→ Work item
In this exercise, print only the lines of the records below from the one with "UW Health Rehabilitation" through the one with "Gray gradient Nail", inclusive. Pictures are not part of the copy.

→ The input
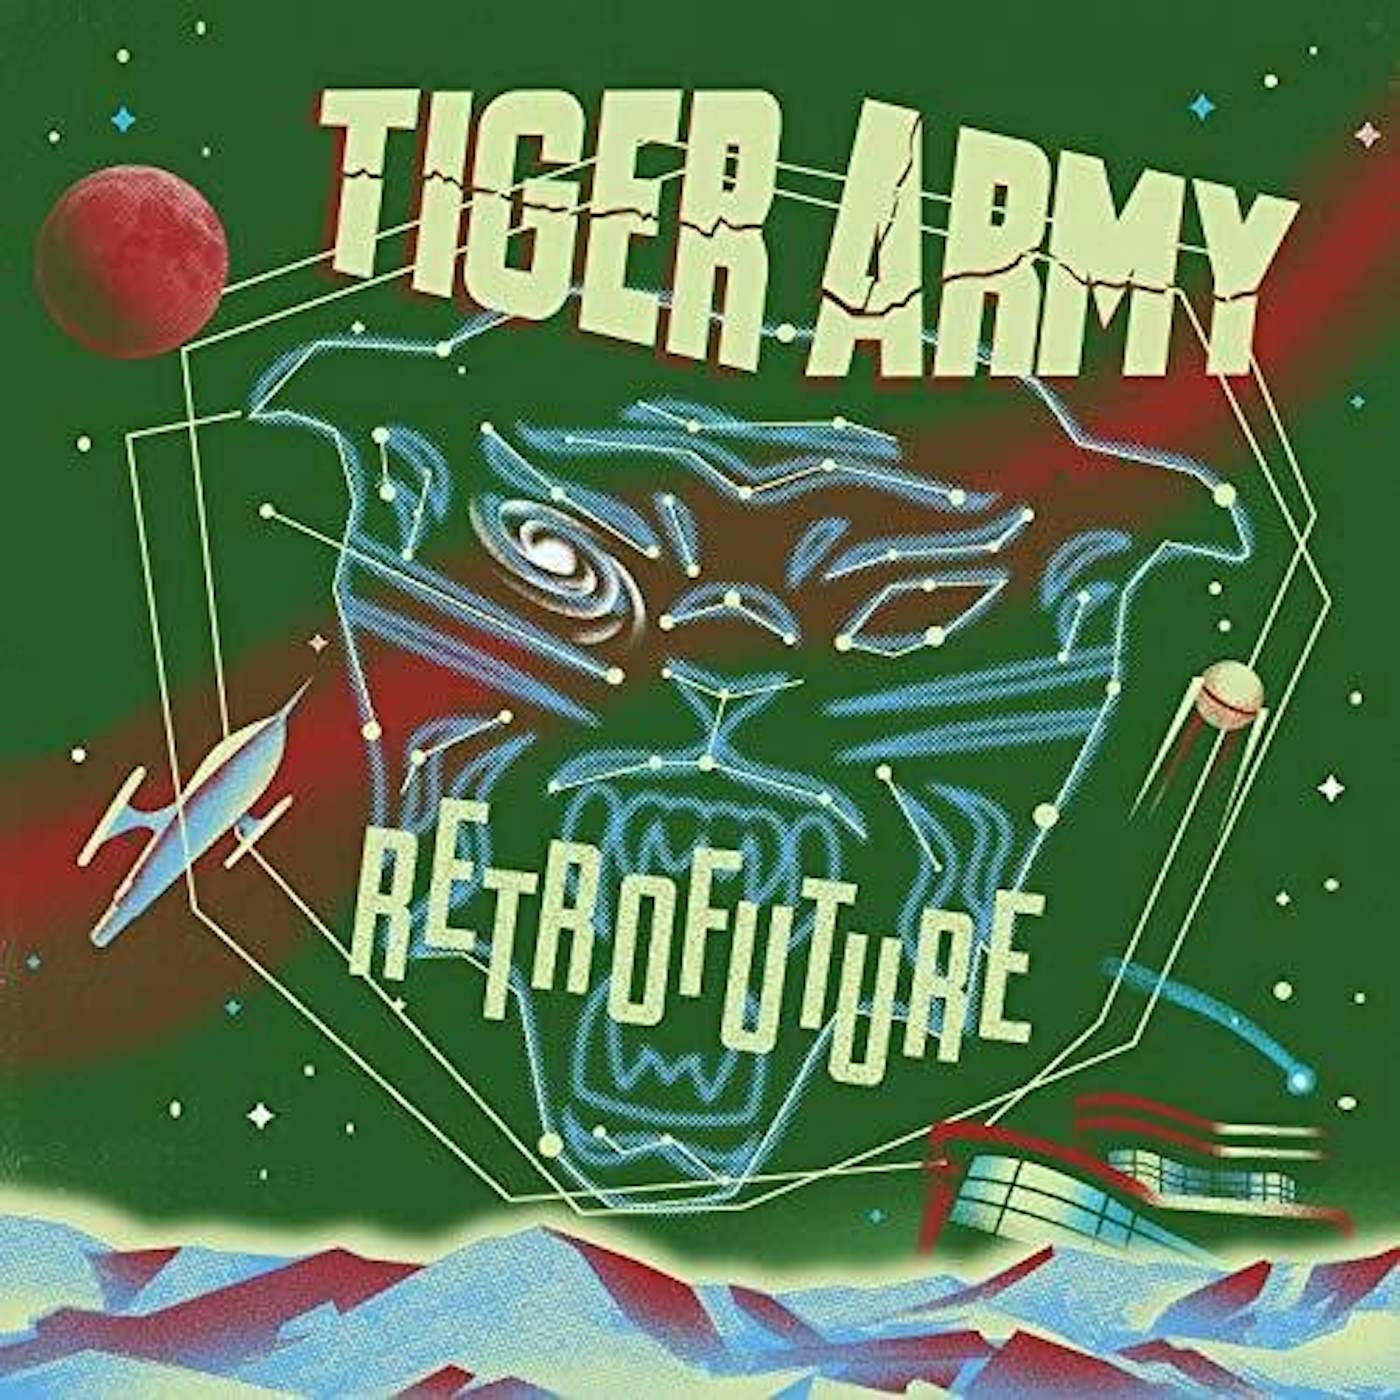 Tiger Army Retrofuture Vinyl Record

--

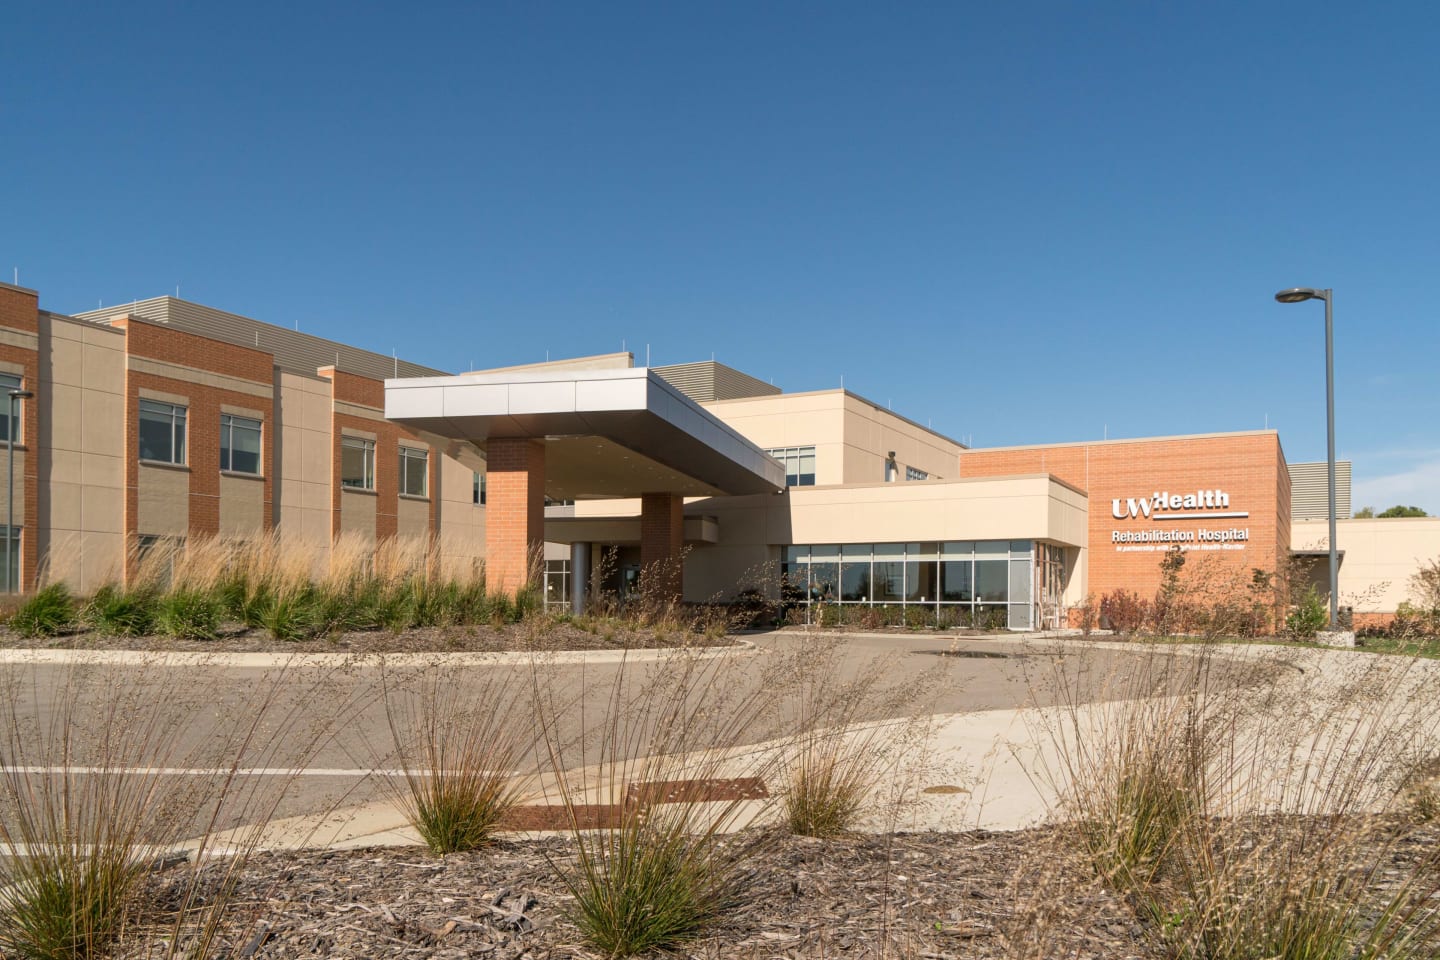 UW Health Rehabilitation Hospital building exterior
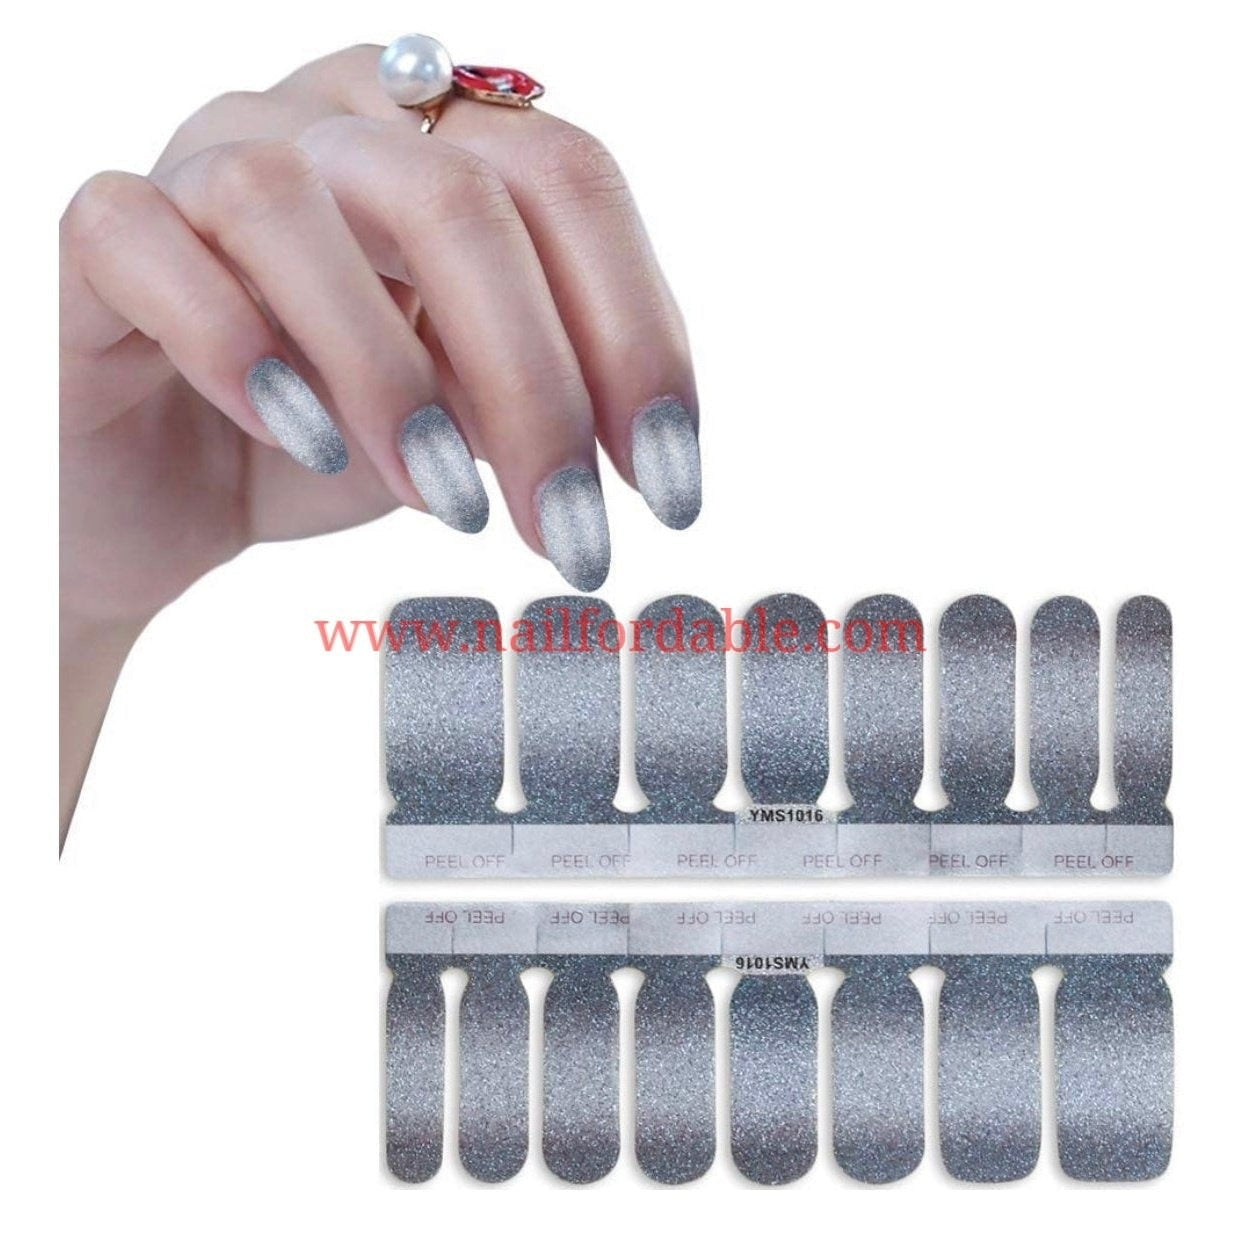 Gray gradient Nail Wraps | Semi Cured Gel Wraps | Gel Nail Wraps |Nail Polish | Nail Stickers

→ Result for this task
 UW Health Rehabilitation Hospital building exterior
 Gray gradient Nail Wraps | Semi Cured Gel Wraps | Gel Nail Wraps |Nail Polish | Nail Stickers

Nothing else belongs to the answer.